Kraft moves from bench to boardroom

Dan Glaun

Longtime Russell Gardens resident Ruth Kraft’s spent almost a decade as a civil frauds judge, deciding cases about employers accused of failing to pay employment taxes. 

Now, as an attorney at Garden City-based Kirschenbaum & Kirschenbaum, P.C., she works the other side of the courthouse, advising businesses how to comply with what she describes as the complex employment laws set by the state.

“I felt like the challenge [of serving as a judge] was gone,” Kraft said. “I am very much a problem solver and a strategizer. As a judge, you get to solve problems but you don’t get to strategize too much.”

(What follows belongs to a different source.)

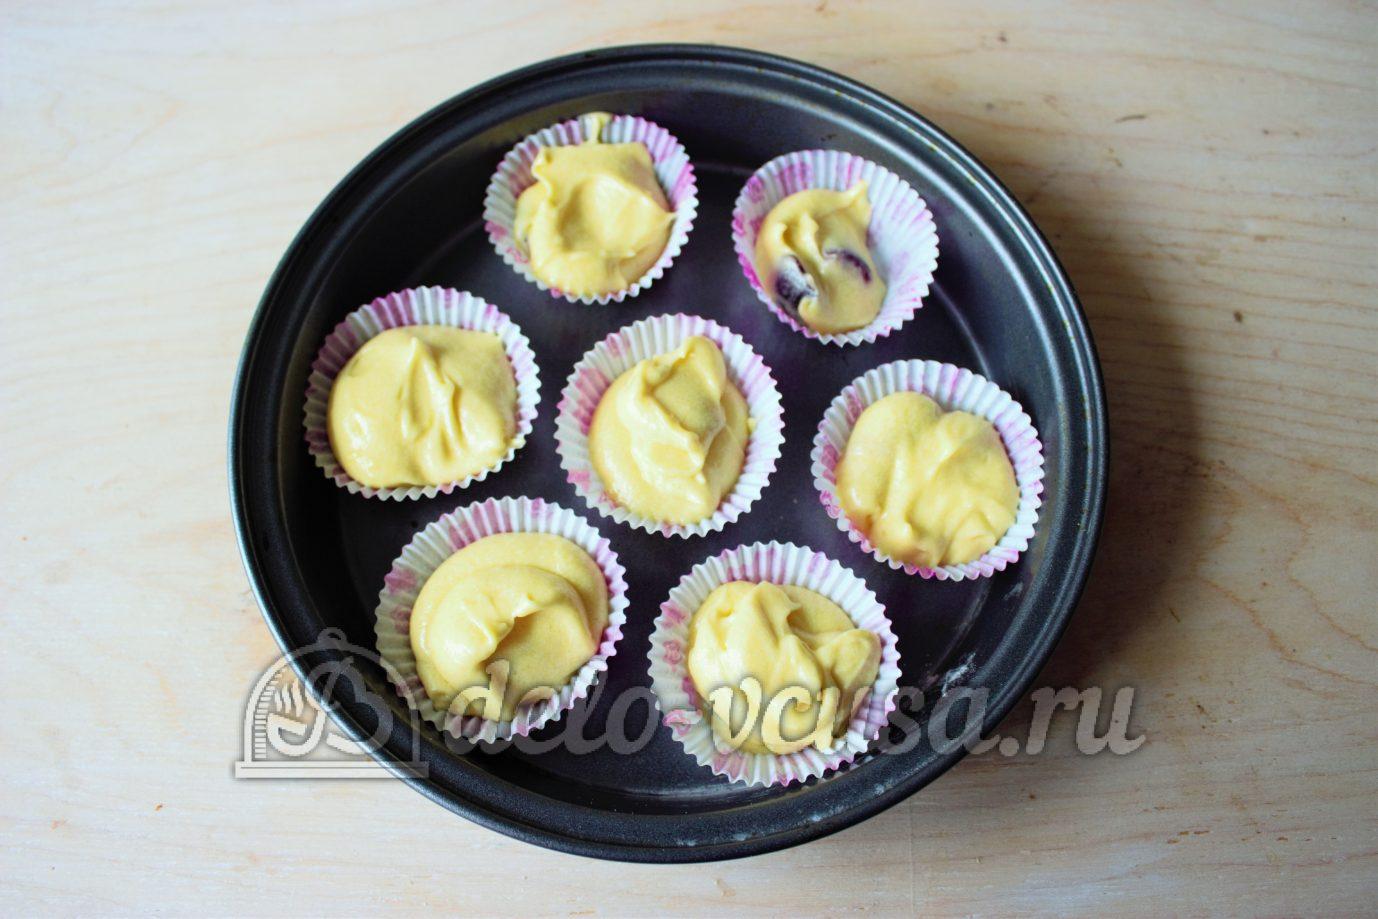 Кексы рецепты пошагово в формочках с майонезом

Kraft worked earlier in her career worked as a law professor at New York University before taking time off to care for her young children. When she returned to the labor force, she said, it was in the middle of a push to attract academics and law professionals of different backgrounds judgeships, which had typically been given to trial lawyers

“When I decided that I want to go back to work, it was very fortuitous that [former New York City] Mayor Giuliani was making appointments, and there was a move in the court system to try to create a more diverse judiciary,” Kraft said. “A friend of mine said you really should apply for a judgeship, so I did.”

Kraft was one of a small group of judges deciding employment tax cases, she said. Kraft and her colleagues had to measure the often thin grey line between employees and independent contractors – a distinction that meant big expenses for businesses that tried to skirt employment taxes.

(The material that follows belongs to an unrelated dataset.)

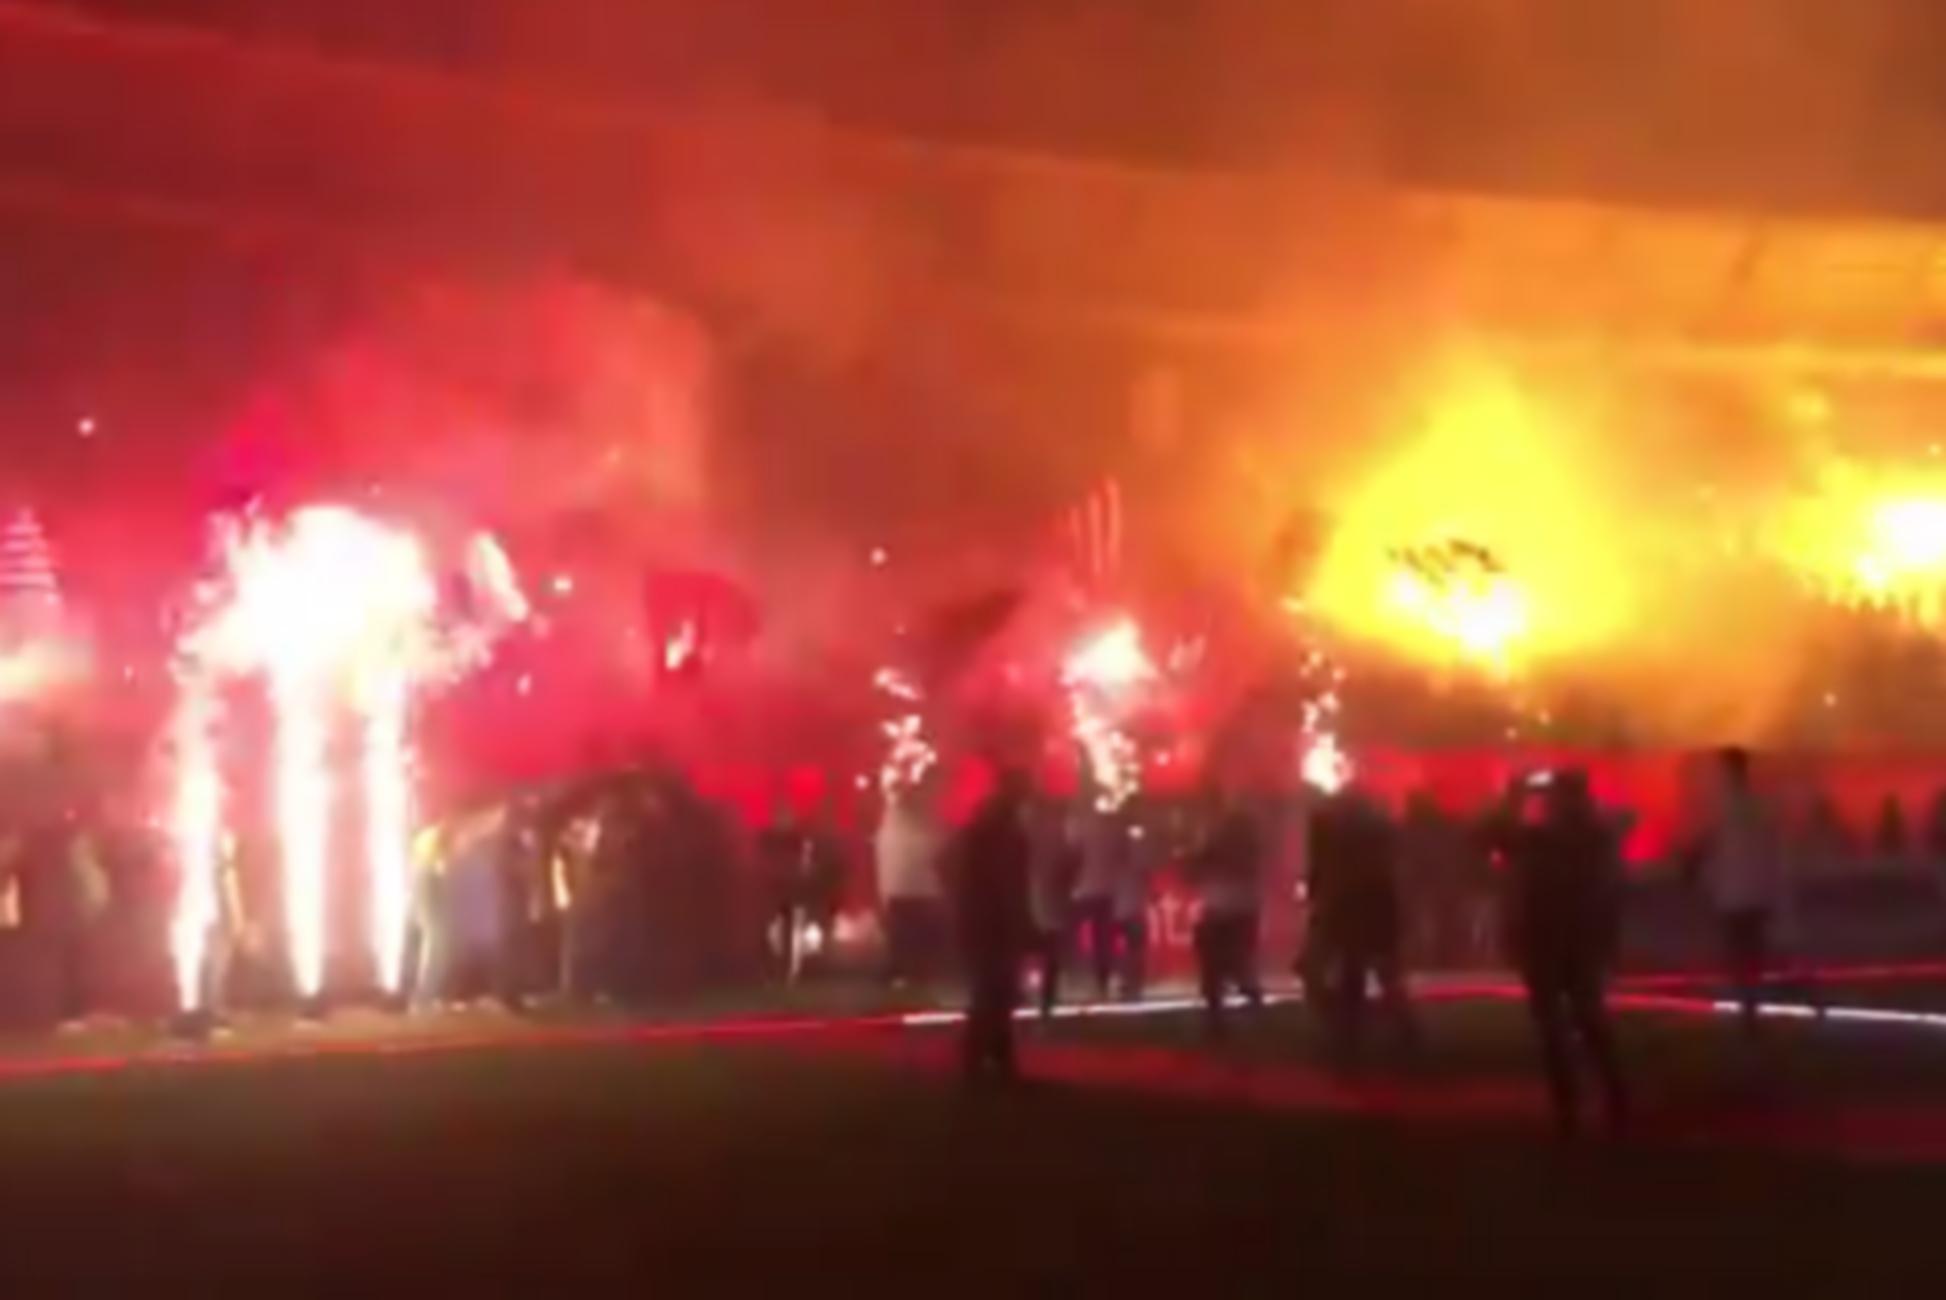 Κανένας κορονοϊός στη Σερβία: Πάνω από 20.000 οπαδοί στο γήπεδο (video)

“There are probably 20, 25 people who have been trained to do these cases,” she said.

The type of law Kraft practices, she said, is fulfilling both on an intellectual level in its complexity and because of its immediacy to the workers and businesses involved.

“It’s intellectually stimulating, and the other part of it that’s very special is the decisions that people make, and their feelings about the workplace are very personalized,” Kraft said. “If I told you you were fired, that becomes a very personal thing in your life.”

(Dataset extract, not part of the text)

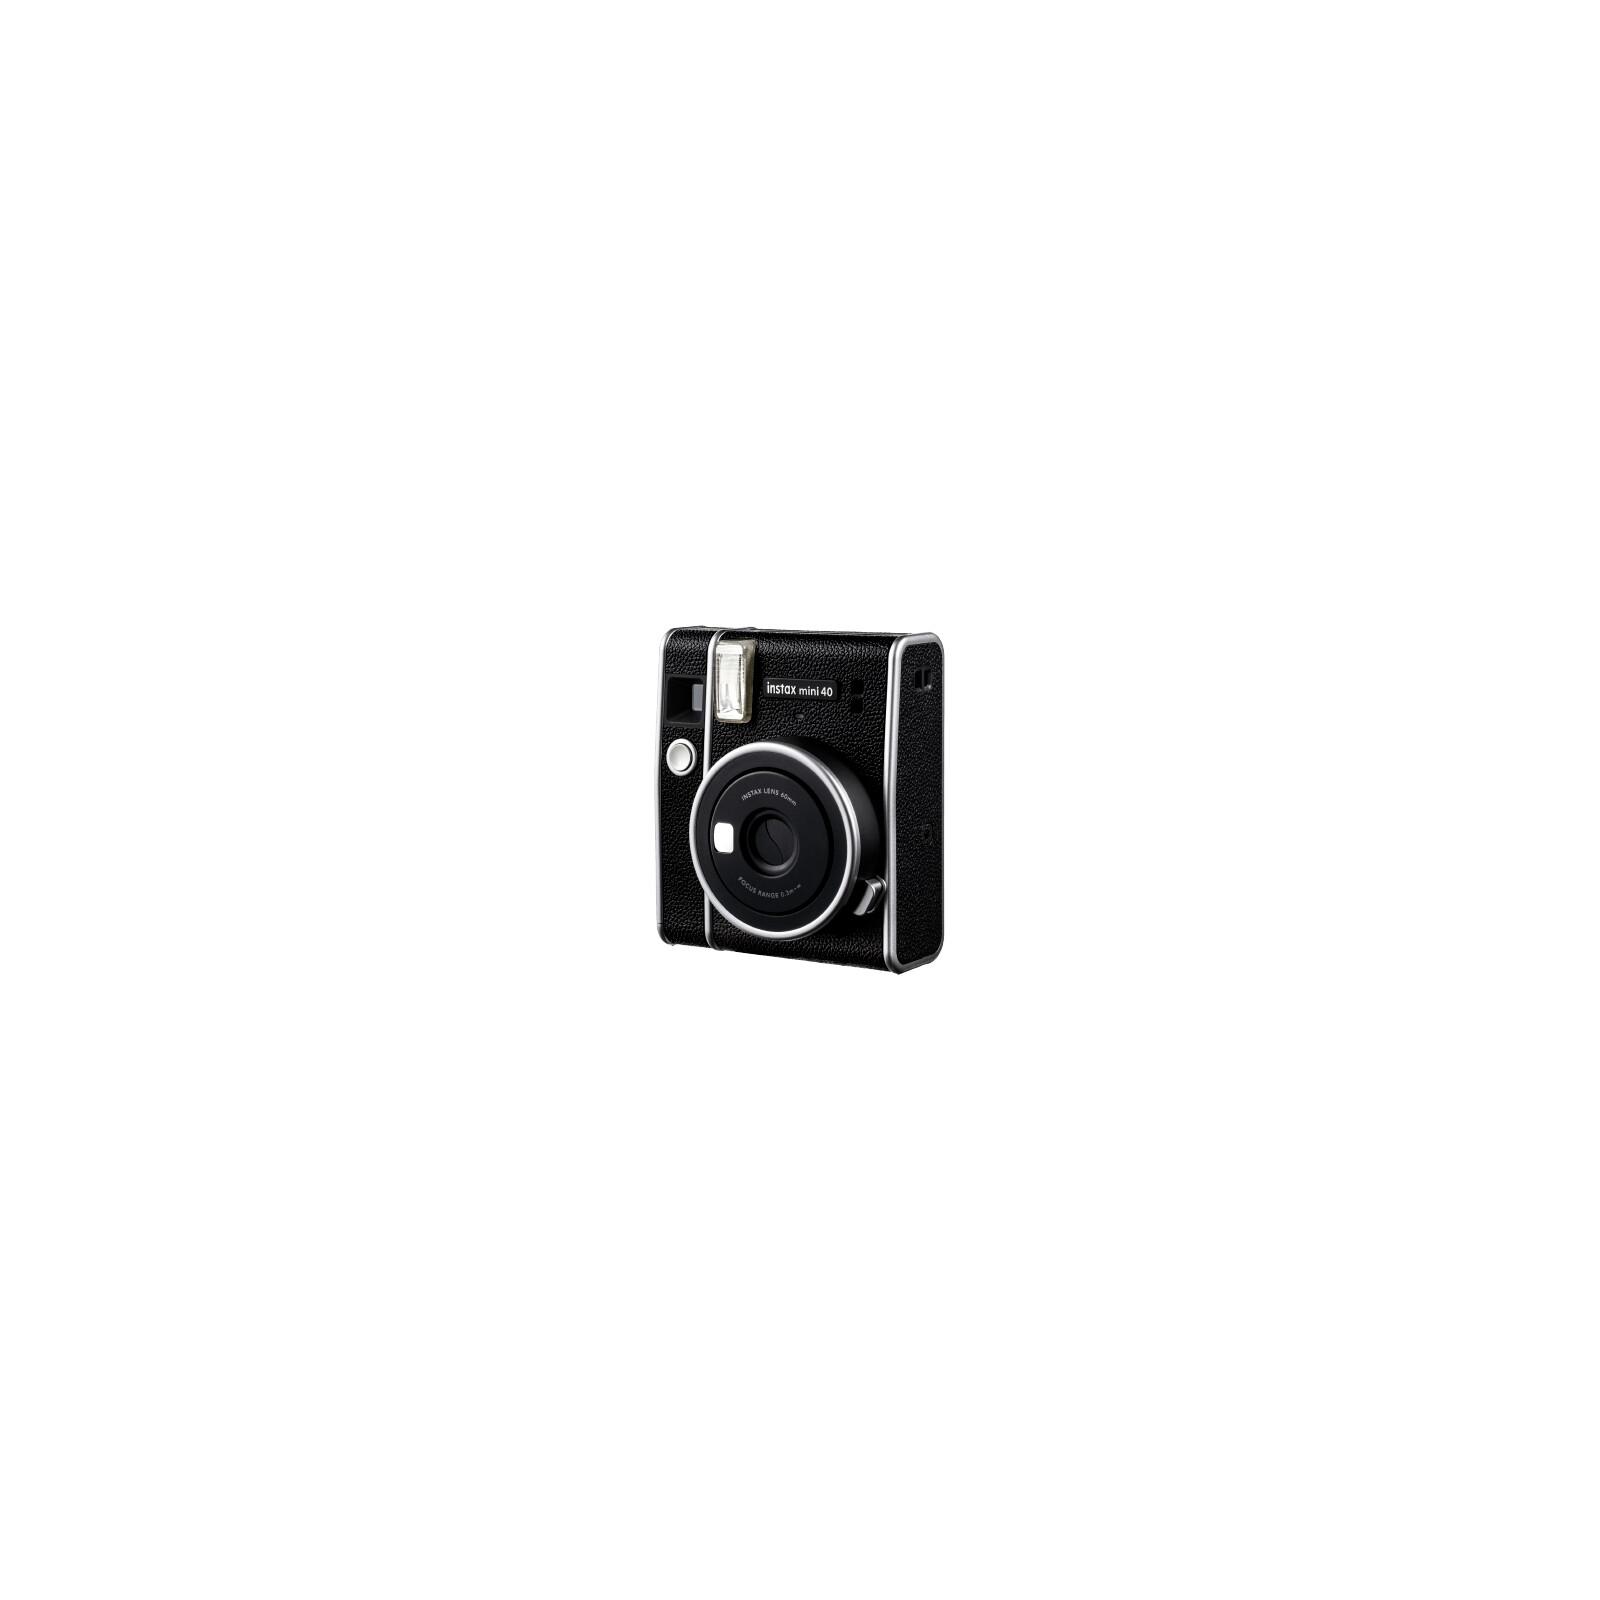 Fujifilm Instax Mini 40 EX D

She described one notable case, where a venture capitalist had started a Web-based service to connect employees and workers as independent contractors – freeing those businesses from the need to pay taxes associated with formal employees.

But when one worker lost his position lost his position and filed for unemployment – a benefit reserved for those on company payrolls – the investor was suddenly put at unanticipated legal risk for taxation on labor of all the site’s users.

“The irony was, the plaintiff in the case was one little guy in his 20s who had no clue that by filing for unemployment he had opened pandora’s box for this company,” Kraft said.

And while some cases were driven by legal confusion, some were deliberately attempts to skirt the law – such as the case of a medical practice that counted its employees, including doctors, as independent contractors. That case took eight months to try, Kraft said.

“He had them all as independent contractors to avoid the employment tax,” she added.

Kraft lives with her husband Robert, a plastic surgeon, in Russell Gardens. She has two grown sons.

“I love it. It’s a lovely community, it really really is,” Kraft said.